■ **DATASET EXTRACT**

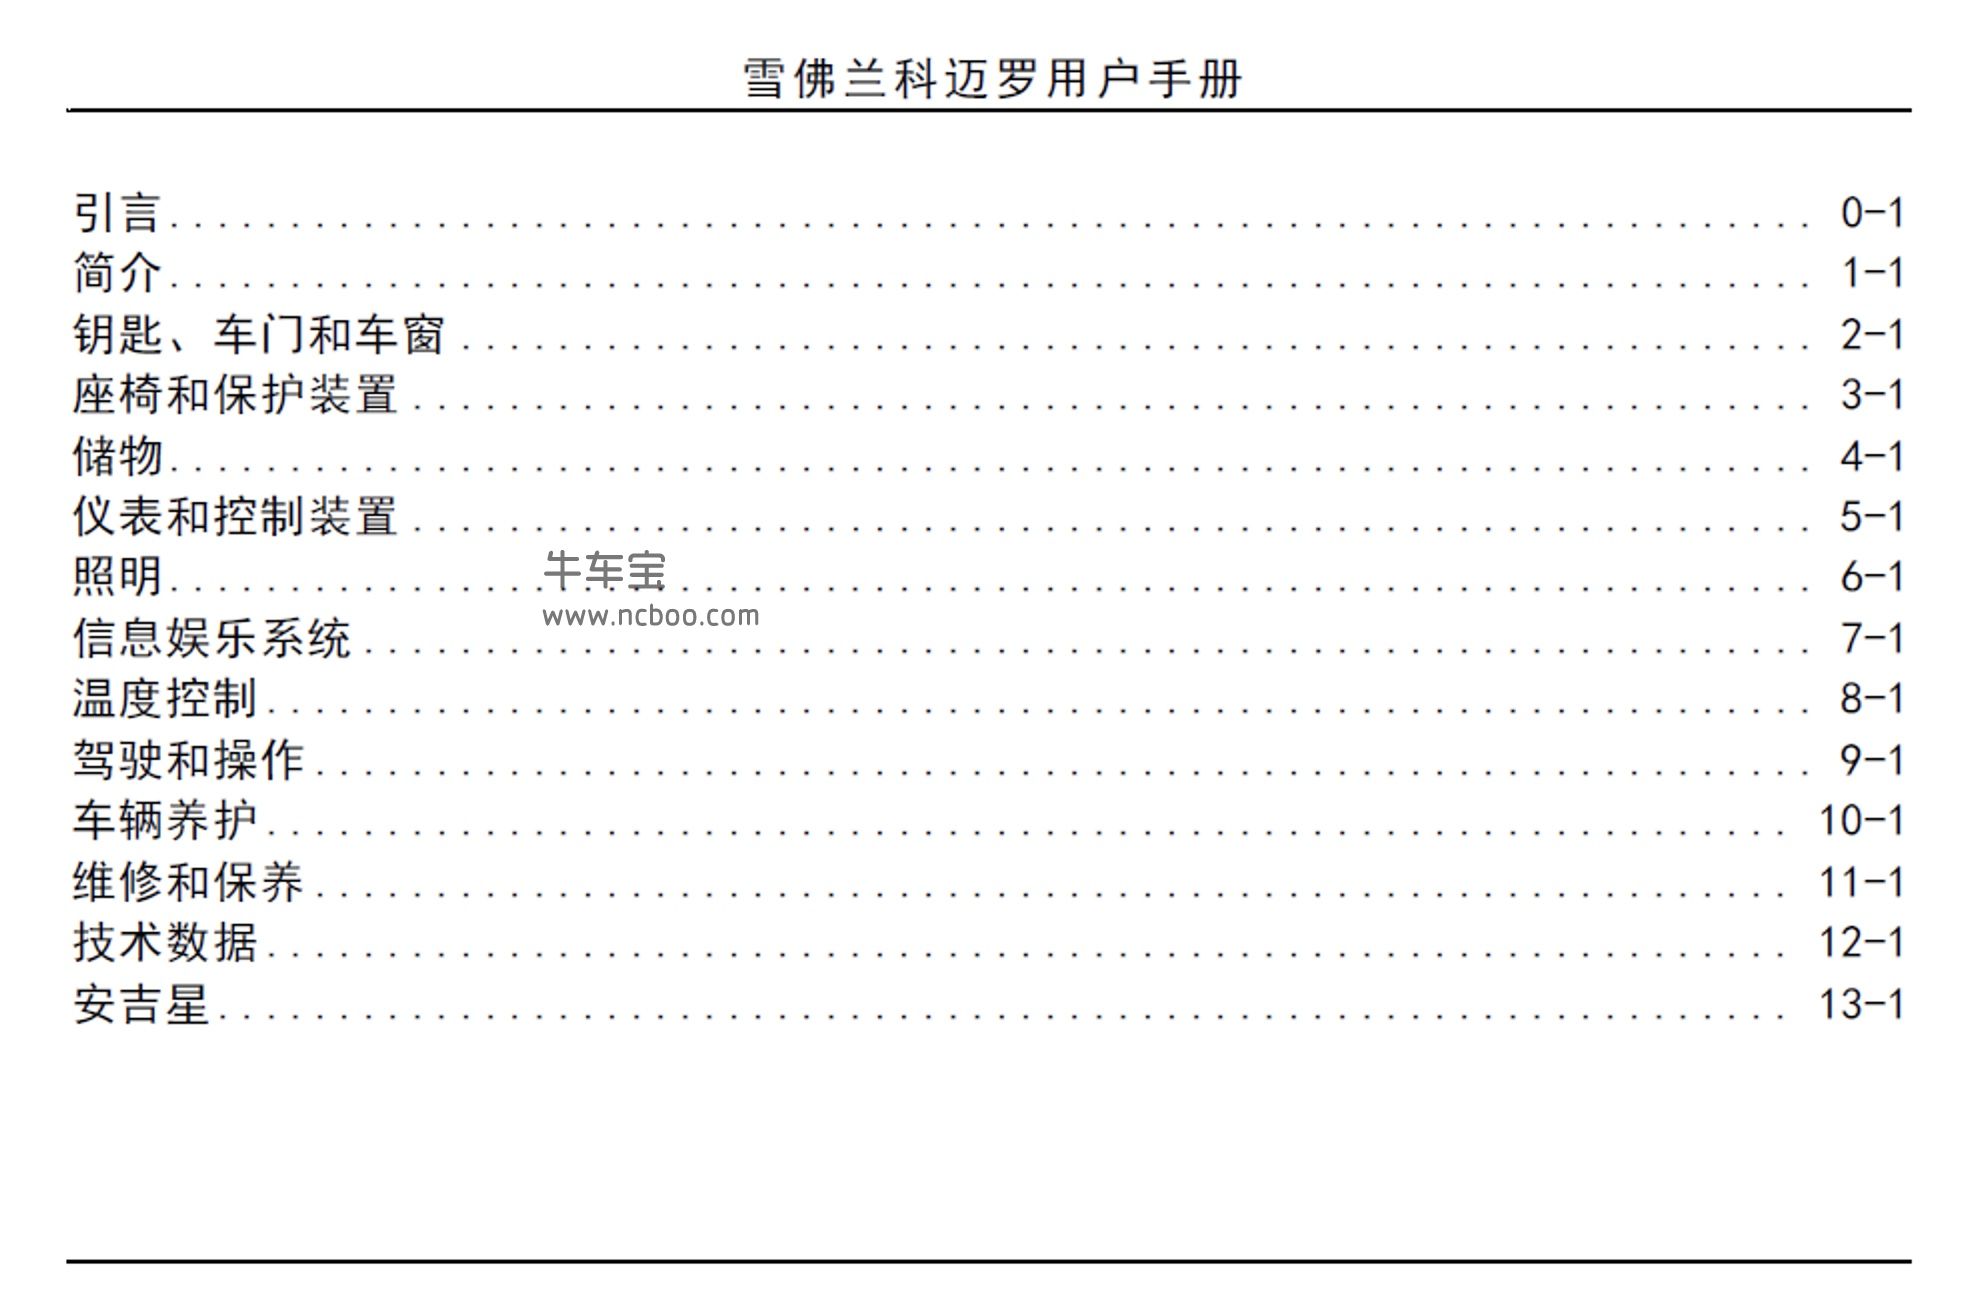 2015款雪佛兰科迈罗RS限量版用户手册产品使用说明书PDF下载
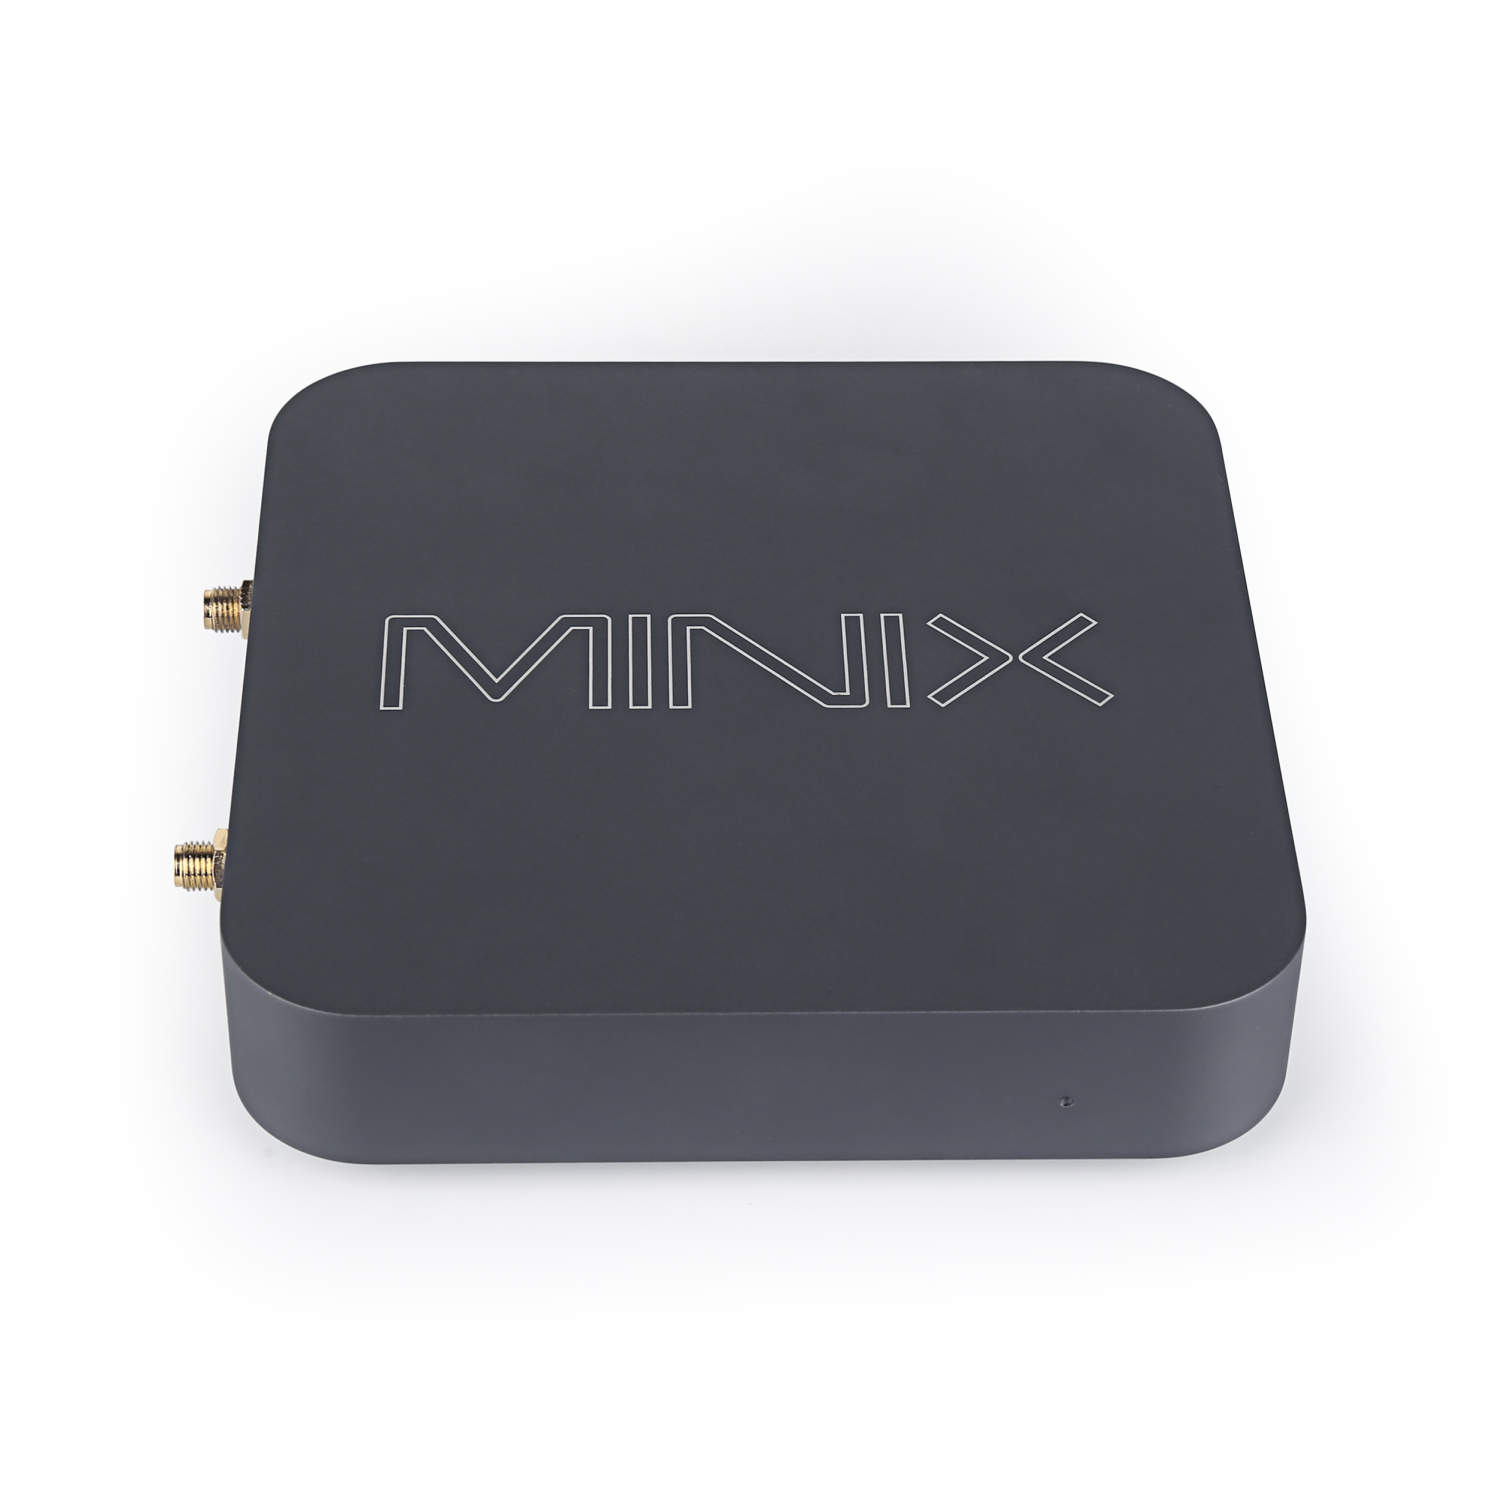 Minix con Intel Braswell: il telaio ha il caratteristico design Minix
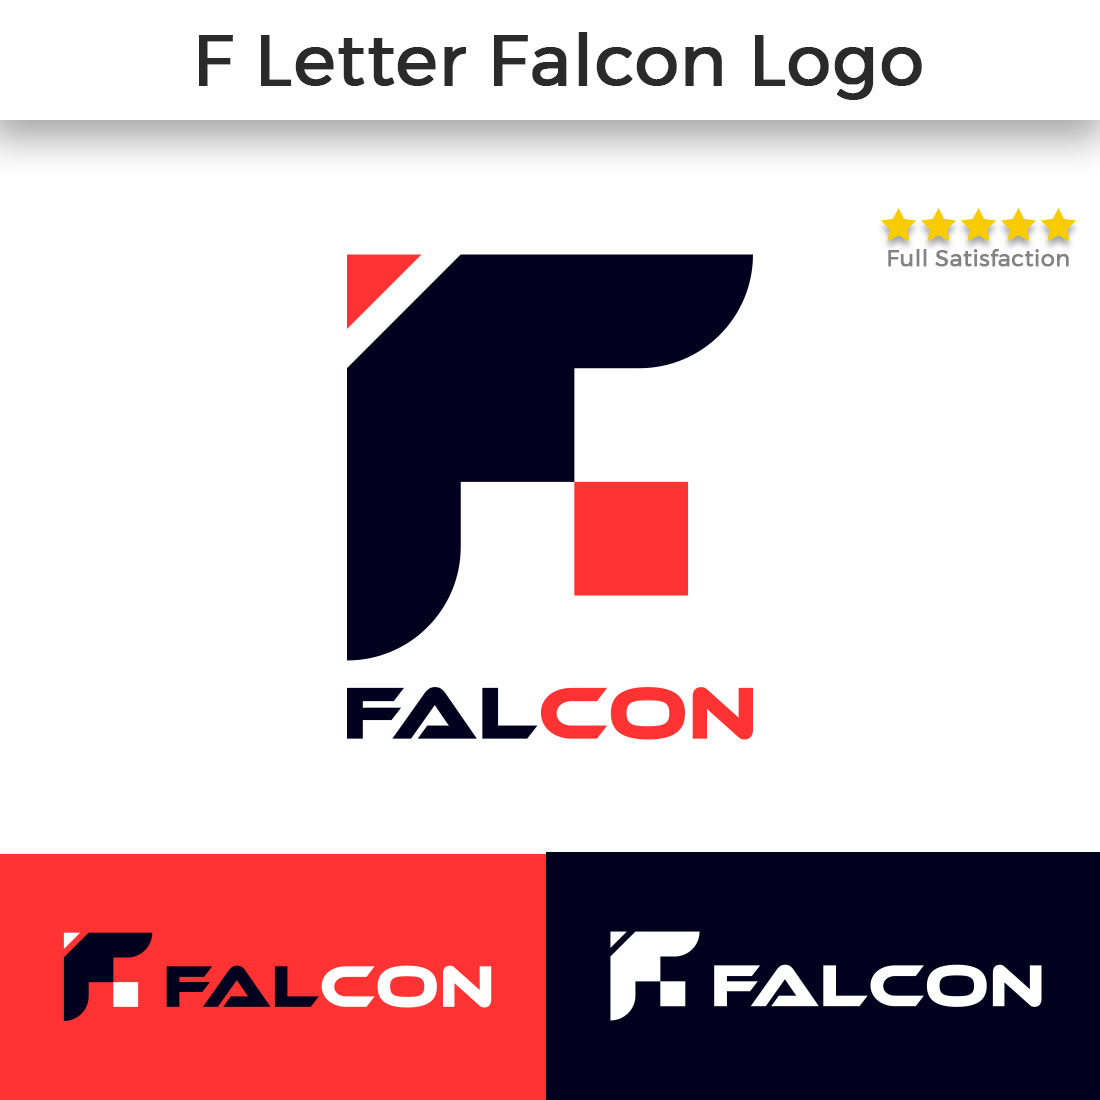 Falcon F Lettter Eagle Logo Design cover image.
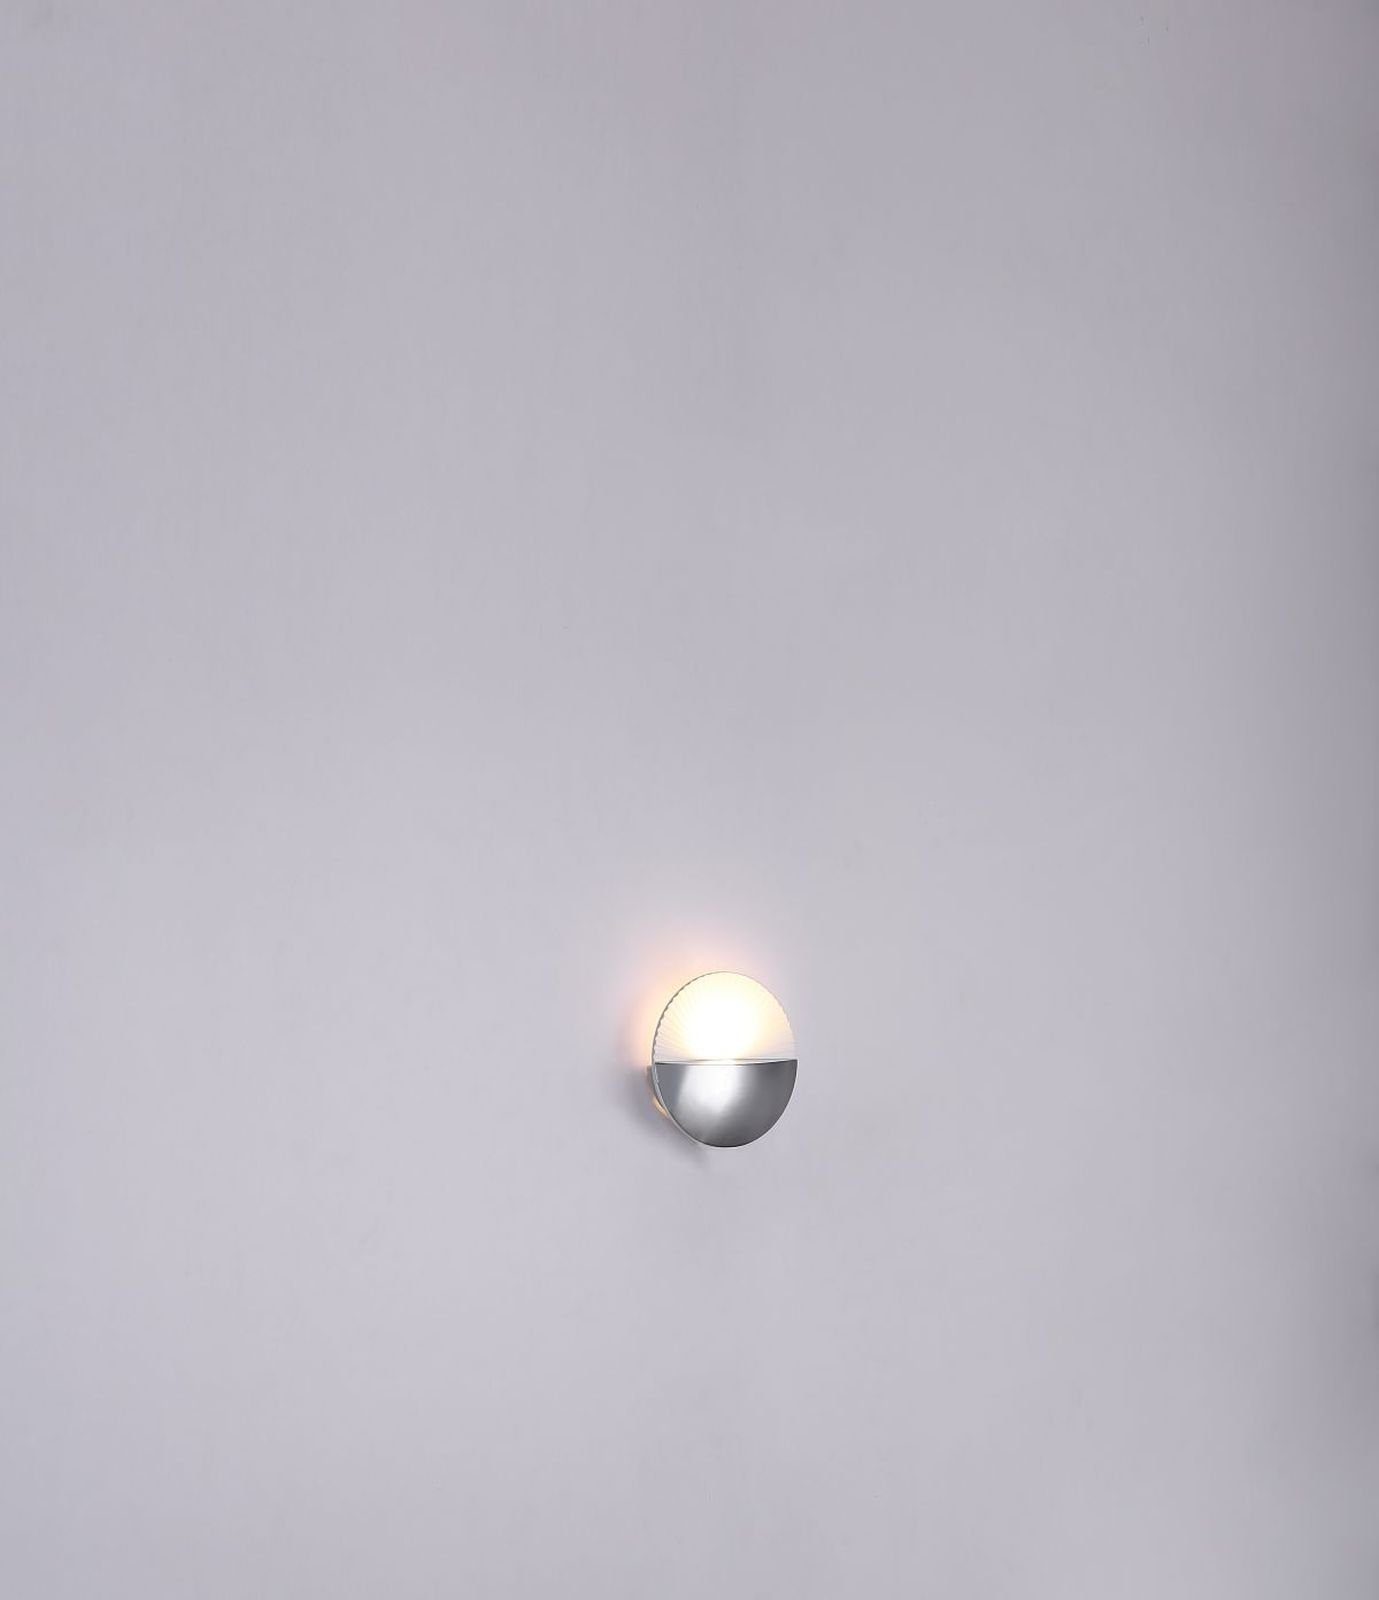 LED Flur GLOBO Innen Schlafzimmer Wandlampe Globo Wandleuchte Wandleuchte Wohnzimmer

■ **PROBLEM DETAILS**
Write out the whole listing above exactly, minus images.

■ **RESPONSE BOX**
 2015款雪佛兰科迈罗RS限量版用户手册产品使用说明书PDF下载
 Minix con Intel Braswell: il telaio ha il caratteristico design Minix
 Falcon F Lettter Eagle Logo Design cover image.
 LED Flur GLOBO Innen Schlafzimmer Wandlampe Globo Wandleuchte Wandleuchte Wohnzimmer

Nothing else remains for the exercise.